Work instructions. When the line with "(M) DELUXE FACTORY" appears below, start repeating lines exactly, and keep going through the line with "Seette Bench Seat"; add nothing outside that span.

Data shown.
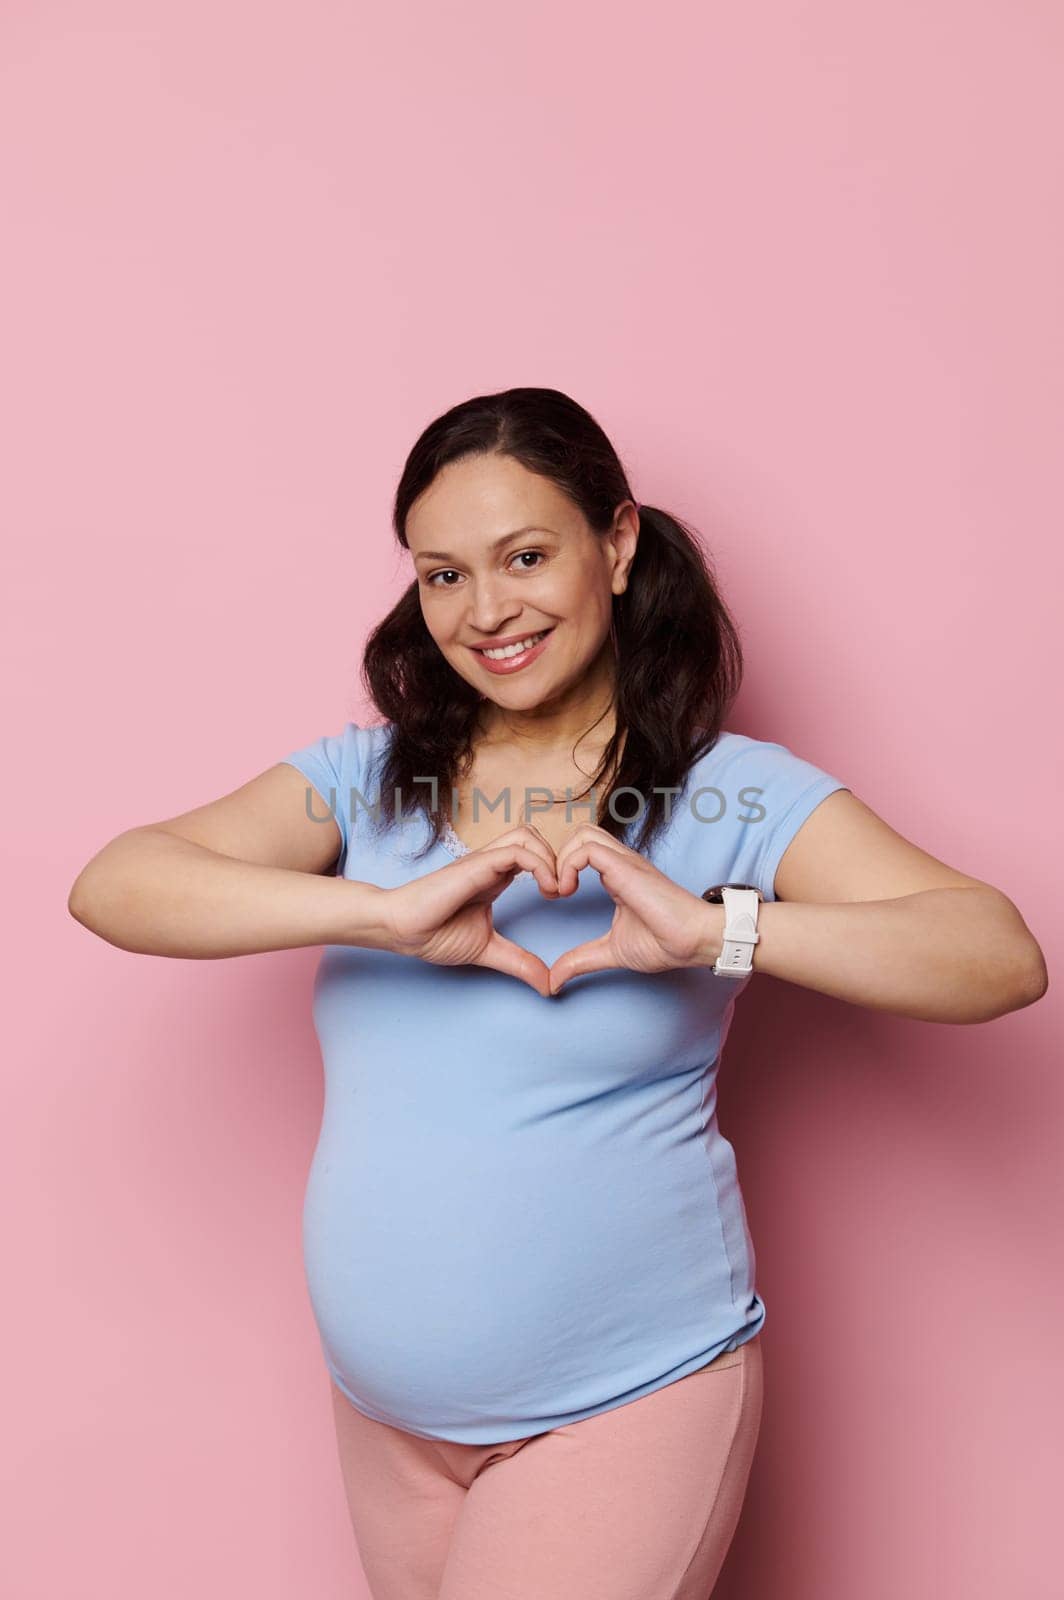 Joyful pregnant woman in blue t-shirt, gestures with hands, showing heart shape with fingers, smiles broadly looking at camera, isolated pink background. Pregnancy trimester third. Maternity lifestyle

--

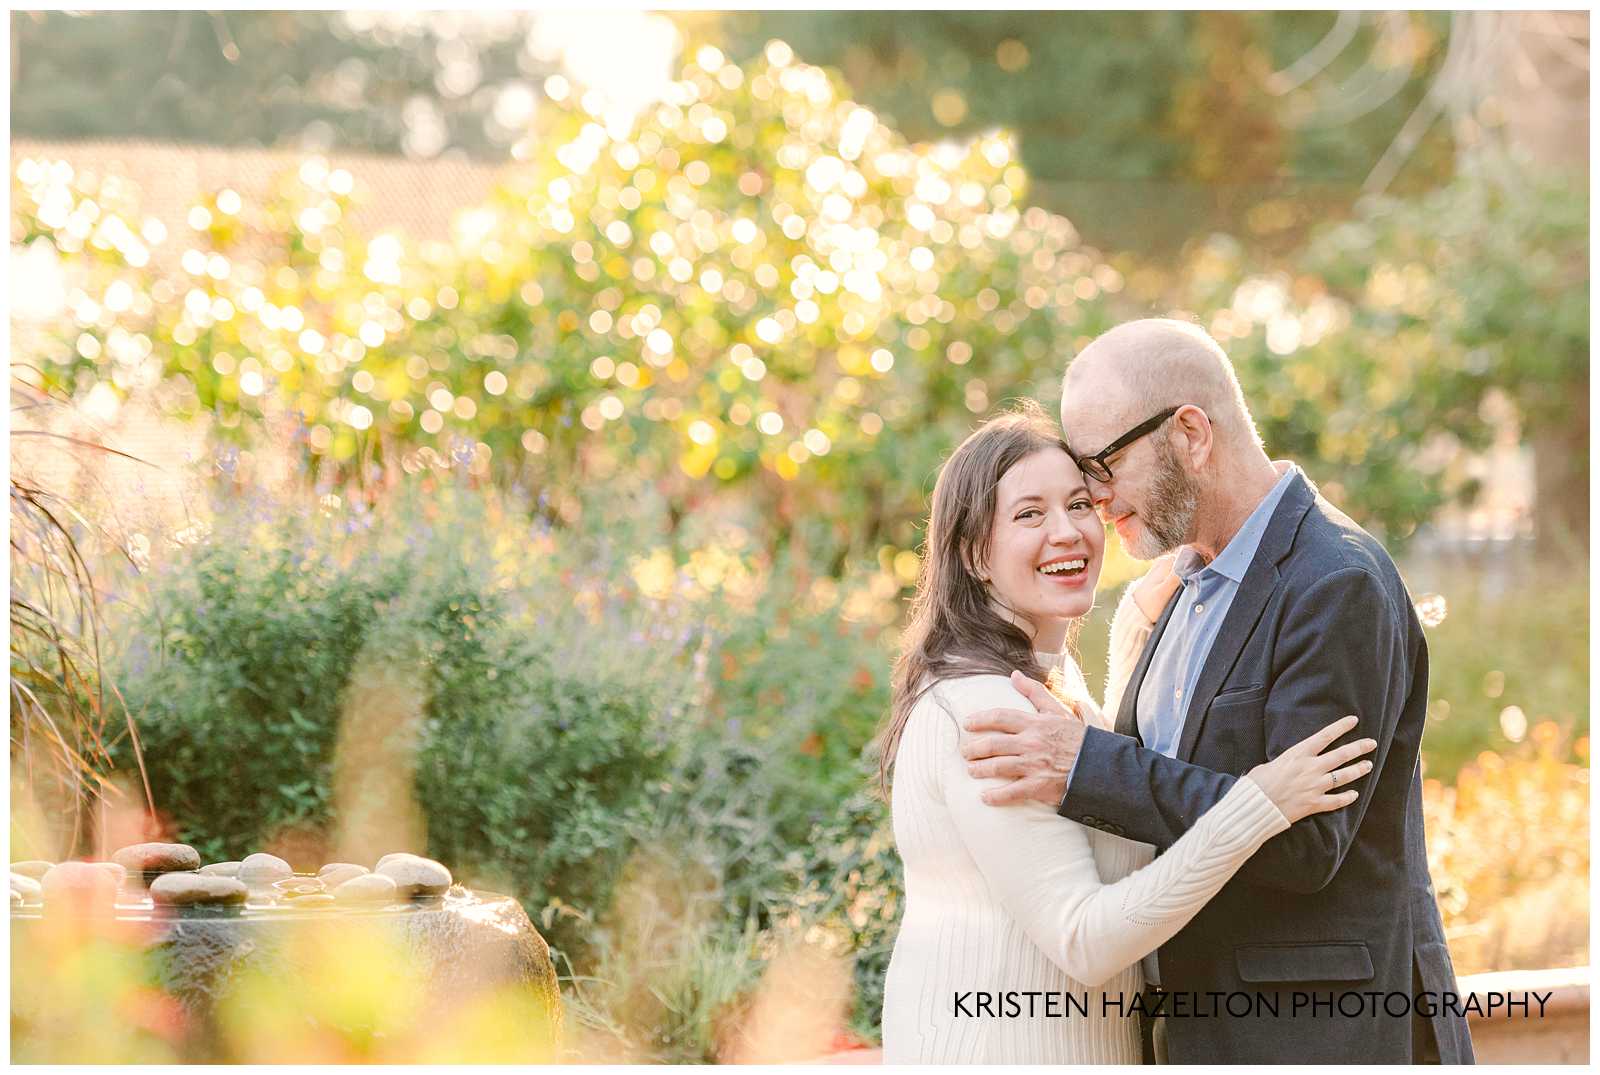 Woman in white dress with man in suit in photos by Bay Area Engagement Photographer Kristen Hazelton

---

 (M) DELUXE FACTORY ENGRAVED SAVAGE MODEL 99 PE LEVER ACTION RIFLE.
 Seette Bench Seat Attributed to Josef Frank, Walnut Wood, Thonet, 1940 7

Response to this exercise.
 (M) DELUXE FACTORY ENGRAVED SAVAGE MODEL 99 PE LEVER ACTION RIFLE.
 Seette Bench Seat Attributed to Josef Frank, Walnut Wood, Thonet, 1940 7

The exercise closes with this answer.